A first stop to contemplate that medieval world on a day out of London was Salisbury Cathedral. Some 90 miles west of London, the cathedral is most famous for its ever-so-slightly skewed spire, at 404 feet, the tallest in Great Britain. The cathedral sits in the middle of an immense greensward in the middle of the town of the same name. Because of its easy access from London and nearness to Stonehenge, it has a heavy influx of tourists.
As we approached the entrance, the magnitude of the attraction was evident with lines of tour buses in a parking lot disgorging passengers. We joined the crowd to enter a medieval world from floor to vaulting.
The foundation stone was laid in 1220 and consecrated in 1258 but the cathedral isn’t far from the ruins of an Iron Age settlement, later Roman fort and then a Norman town known as Old Sarum where an earlier cathedral once stood. The stones of that cathedral were used to build an English Gothic architectural wonder where we stood among the others gazing upward at the vaulting supporting the building. Most extraordinary are the curving scissors arches leaping into the air where the nave and arms meet to form the traditional shape of a cross. The mason, Master Nicholas of Ely, who designed and oversaw the workers didn’t need computer programs – his architectural vision and skill was in his brilliant mind and hands.
The discussion over a sandwich of crusty country bread filled with cheddar and diving Wiltshire ham washed down with local ale, centered on what to see next. Stonehenge is jammed, Avebury sounded interesting, but where I’d long to go for years was Wells. Our driver blanched when he thought I said Wales but after convincing him that wasn’t the case, we headed cross country to the small town set in the rolling Mendip hills deep in Somerset. And there I found my transcendent experience: The thin space where sacred and profane meet.
The small town of Wells is without railroad or freeway connections and therefore lacks day-trippers.
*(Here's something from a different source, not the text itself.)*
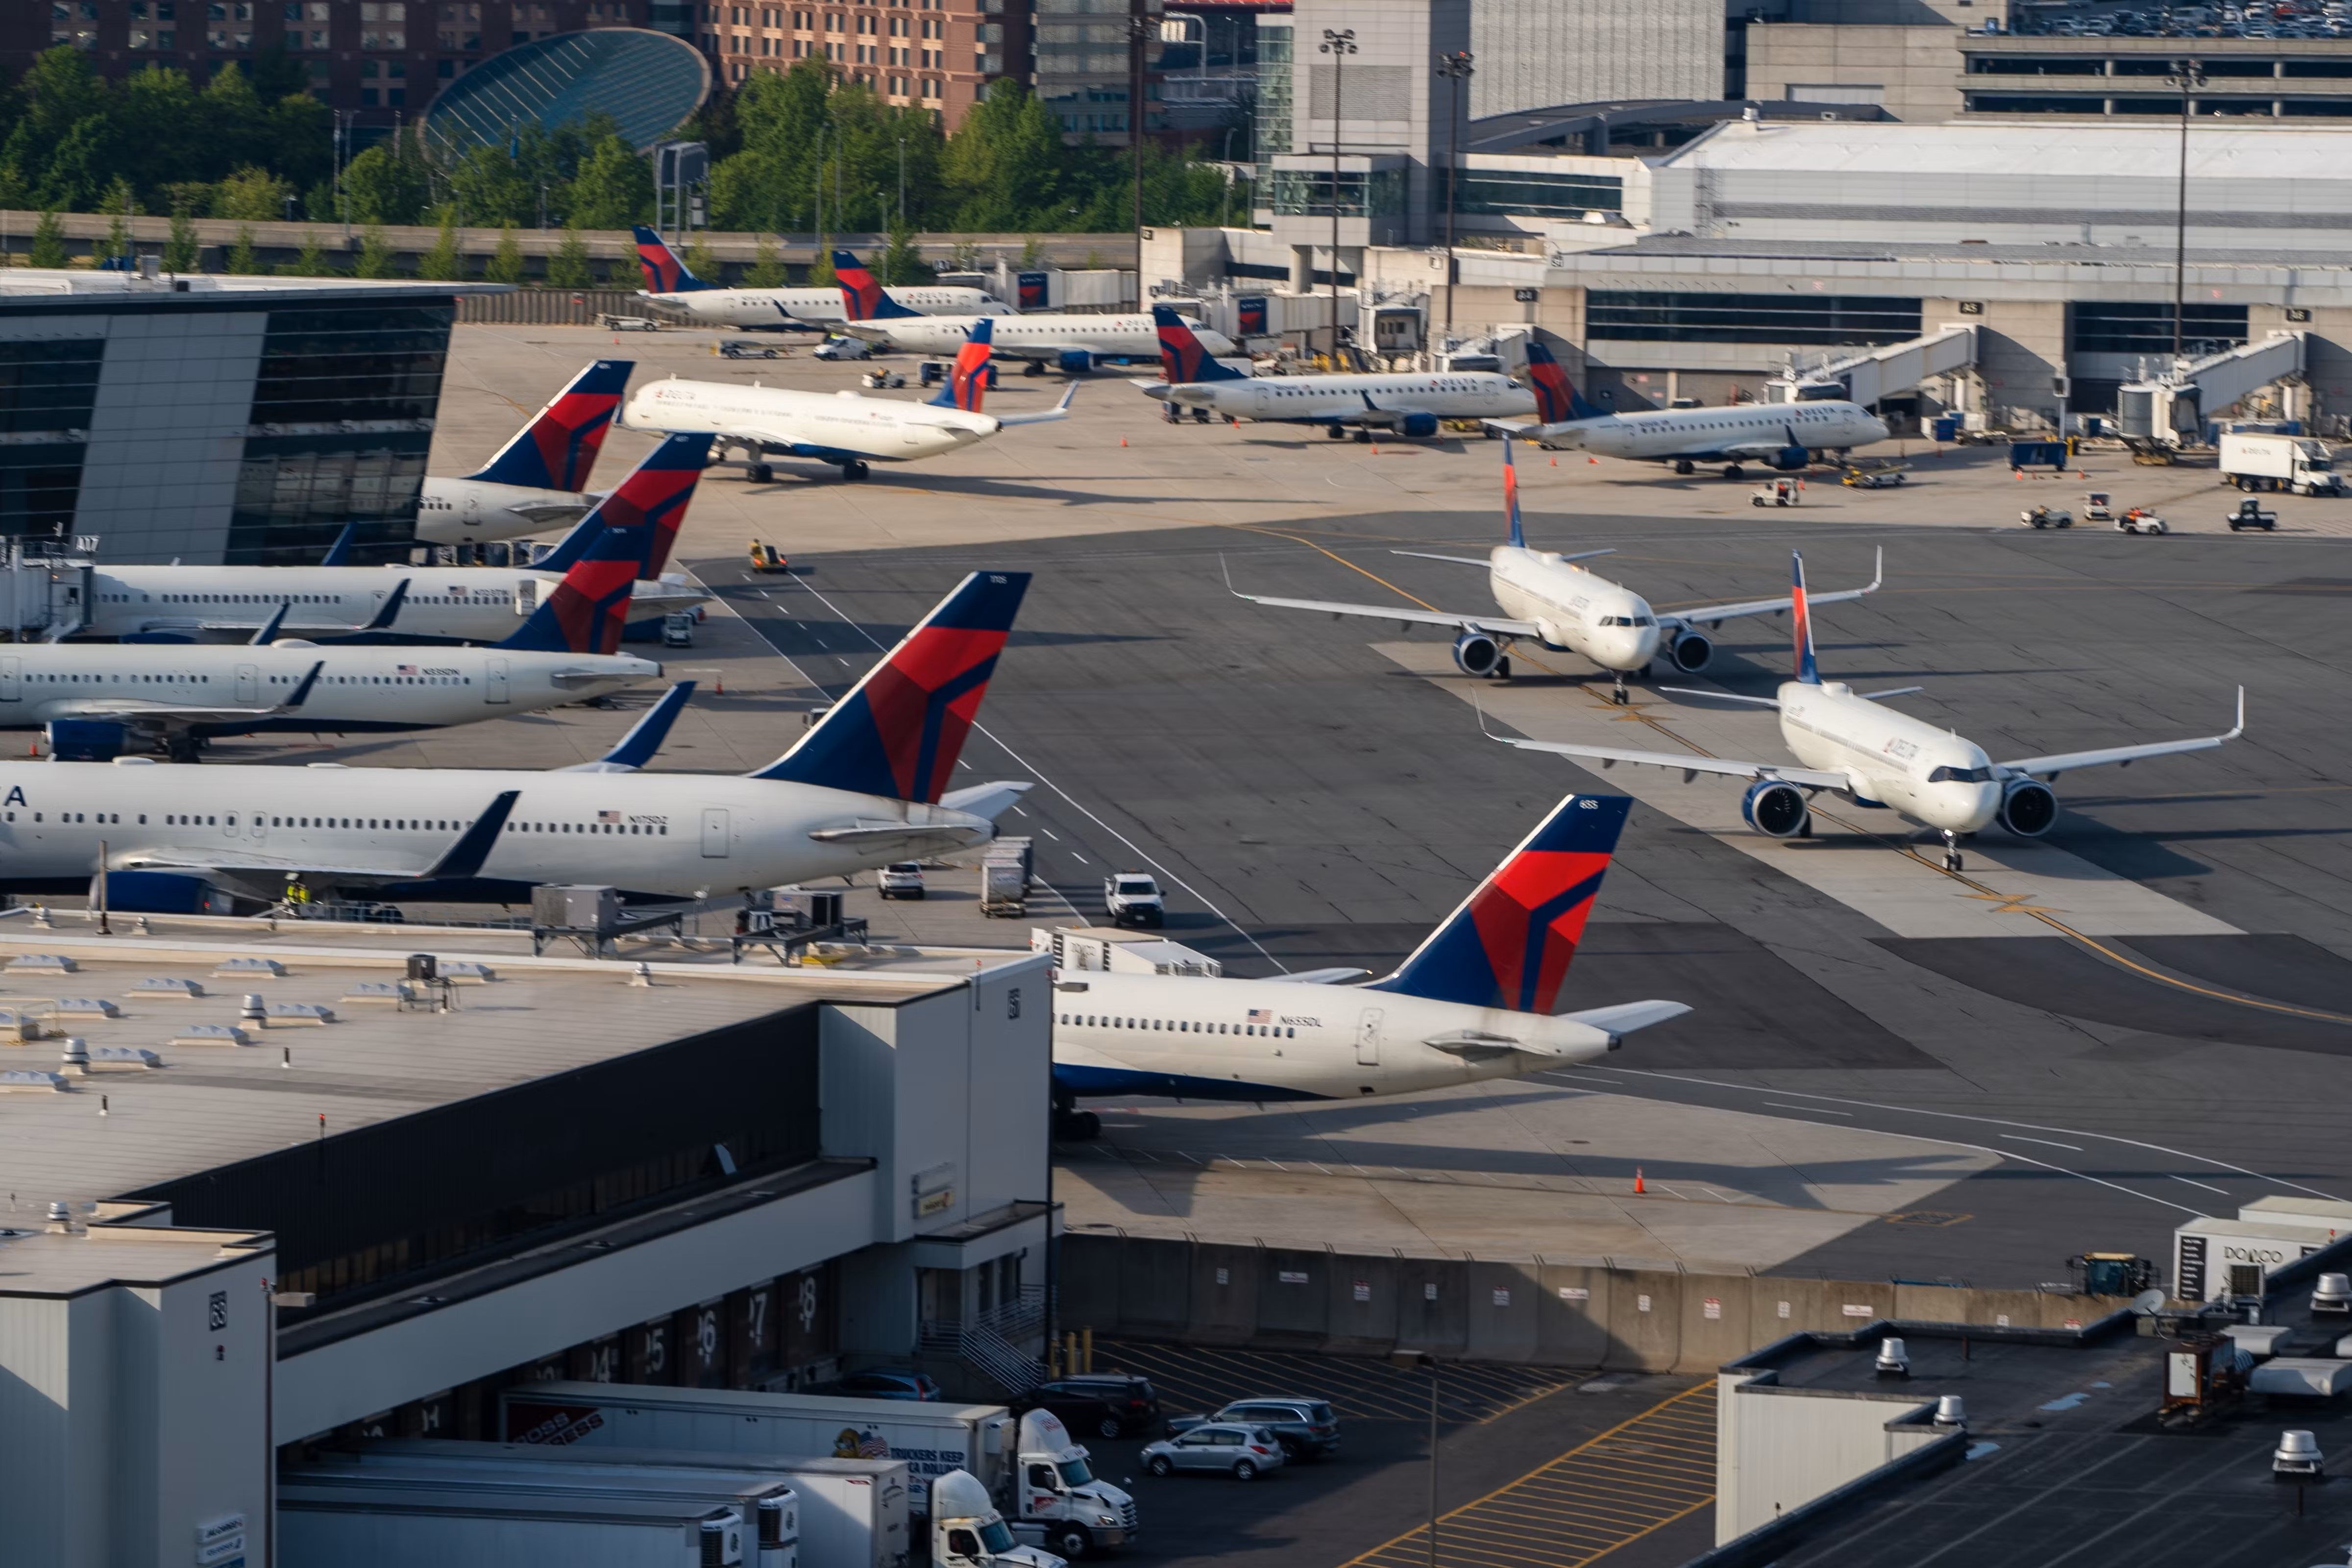 Several Delta Air Lines aircraft on the apron at Boston Logan Airport.

It exudes a sense of peace because the center of life is the magnificent Gothic cathedral. The first known settlement was around a holy well in Late Roman times: 400 – 600 AD, a time when the Roman Empire had collapsed and England was a conglomeration of small Saxon kingdoms. The King of Wessex gave land for a church to a bishop in 705. The small church became a cathedral in 909. The foundation for the current masterpiece, the first Gothic-style church with its pointed arches and abundance of stained-glass windows in England, was laid in 1175 but the building wasn’t completed until 1508, a testament to the power of faith to persevere.
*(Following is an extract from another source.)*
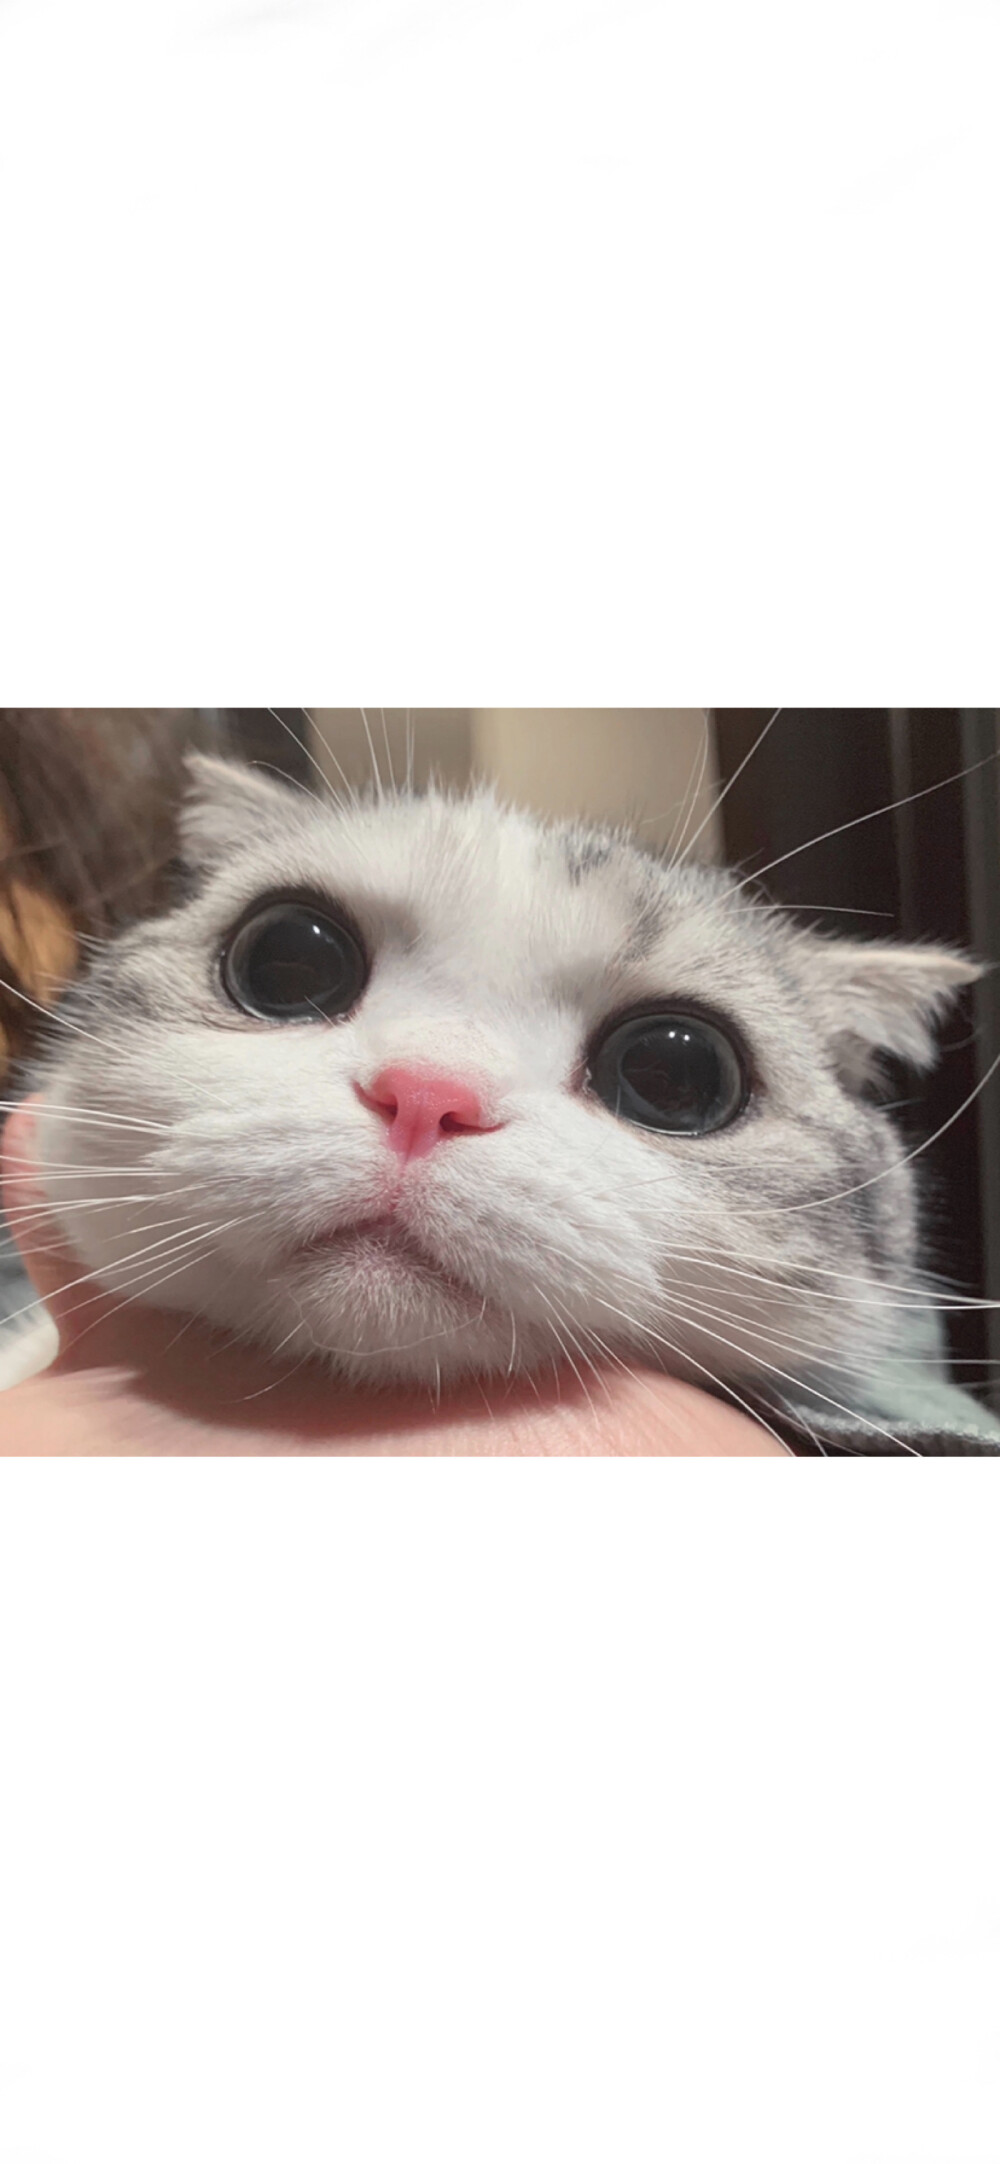 小猫咪王泡芙的图片图片

Visitors were few and quiet allowing us to wander at will and to contemplate the structure in a hushed atmosphere. Time stood still, or even ran backward. The entrance to the nave made me think that the ribbing on the ceiling was like looking into the insides of a fish or whale—a view Jonah might have seen. But again, it was the scissors arches that captured my awe. How could have William Joy, the master mason in 1338, known that to brace the central tower he needed to build magnificent swoops of stone on three sides of each of the four pillars? They were a divine inspiration.
Time slowed as we wandered the vast space, contemplating the beautiful Nave, Lady Chapel, Cloisters, and the substantial area behind the main altar called the Quire and Retroquire. The lower part of the beautiful windows are a simple jumble of glass – the remnants of the biblical scenes smashed in a time of religious strife in the 17th century.
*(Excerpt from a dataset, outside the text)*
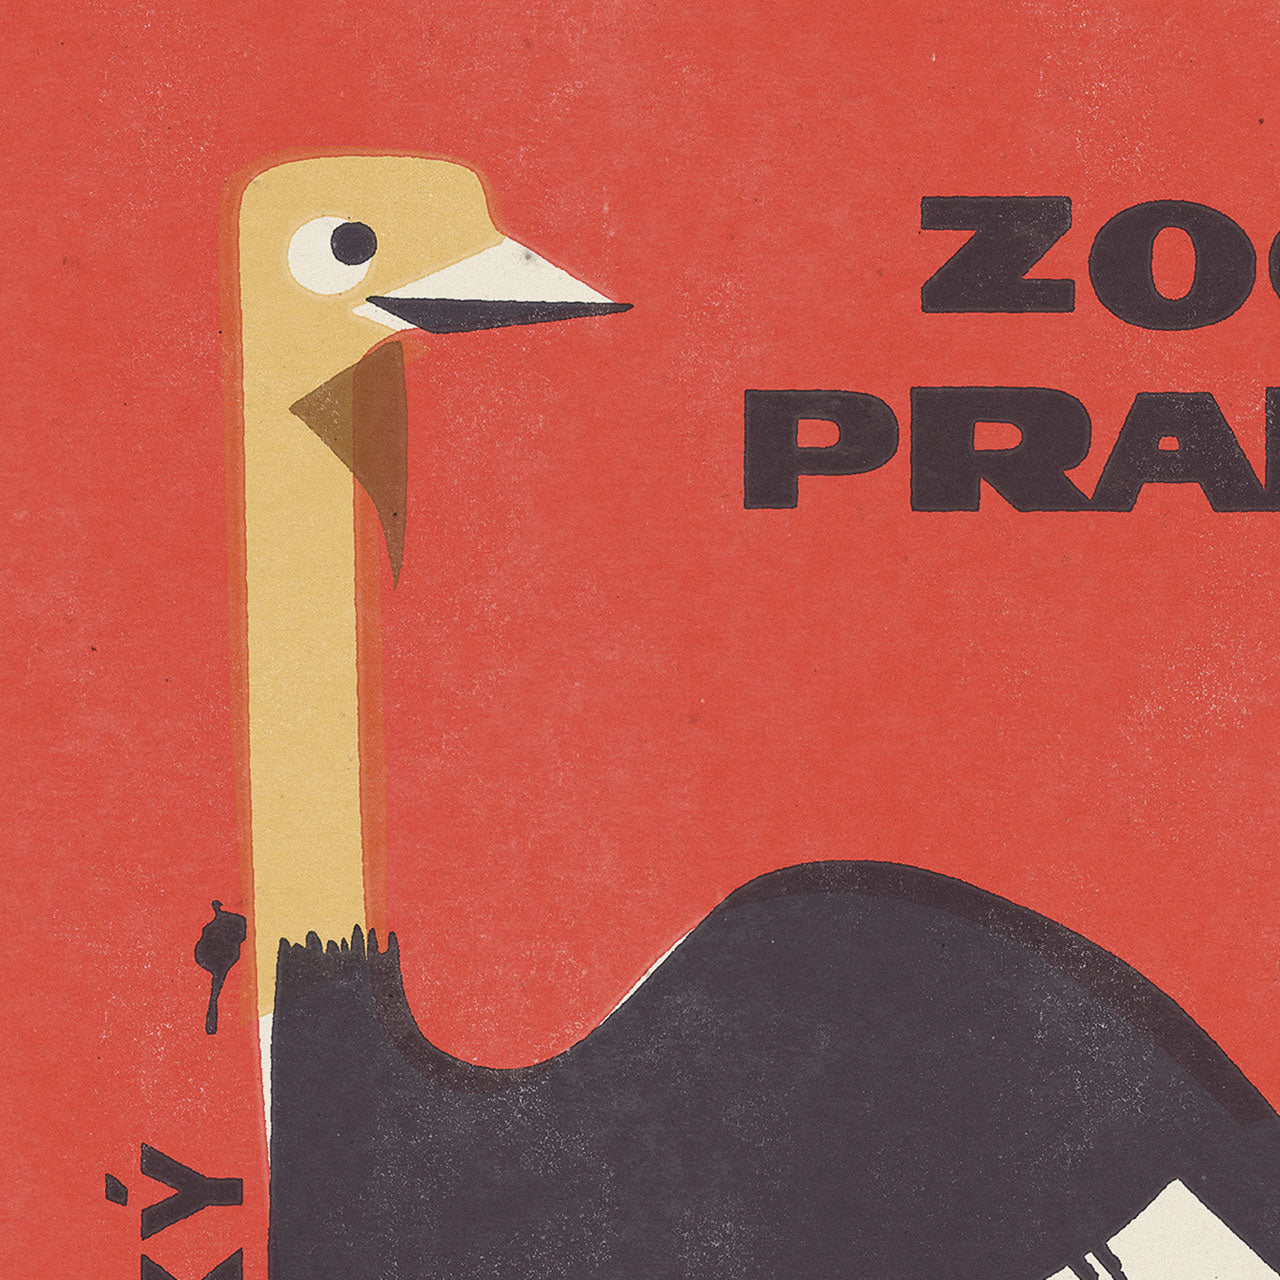 Zoo Praha - Pštros africký - Plakát 30x40 cm

But we returned repeatedly to the arches to wonder at their perfection and to imagine the candle-lit processions with Choristers chanting and singing as they still do.
All was silent as I imagined Evensong in my mind’s eye.
Around the sides are seats where the Canons, who managed the church and its business affairs, sat under their name; their assistants, the Vicars, sat at their feet. In the center of the room is a pillar with 32 vaulted ribs springing from it as if it were a fountain.
The windows are mostly clear glass as the originals were smashed in the 17thcentury as they had been in the main church. We crept carefully down the stairs that that resembled a gush of cascading water imagining how many Canons and Vicars must have lost their balance and fallen to their deaths as they descended in flickering candlelight.
We paused for reflection in an ancient graveyard
before strolling in the lovely quintessentially English Vicar’s Close, a stone-paved street connected to the church by an overpass called the Chain Bridge. The street is lined with about twenty lovely homes and gardens, originally built in 1348, and still occupied by fortunate cathedral staff such as the Organist and choir master. Although I have no doubt the interiors of the homes are modern and have high-speed internet, the exterior of the Close is an English dream encapsulating everything magical about English villages.
Too soon, it was time to leave.
We headed east back to London, stopping along the way to allow a herd of cows heading for their own barn. Traffic stops at milking time in the countryside. But as we approached London the present day took over and the conversation returned to the subject on everyone’s mind: Brexit and what the future held.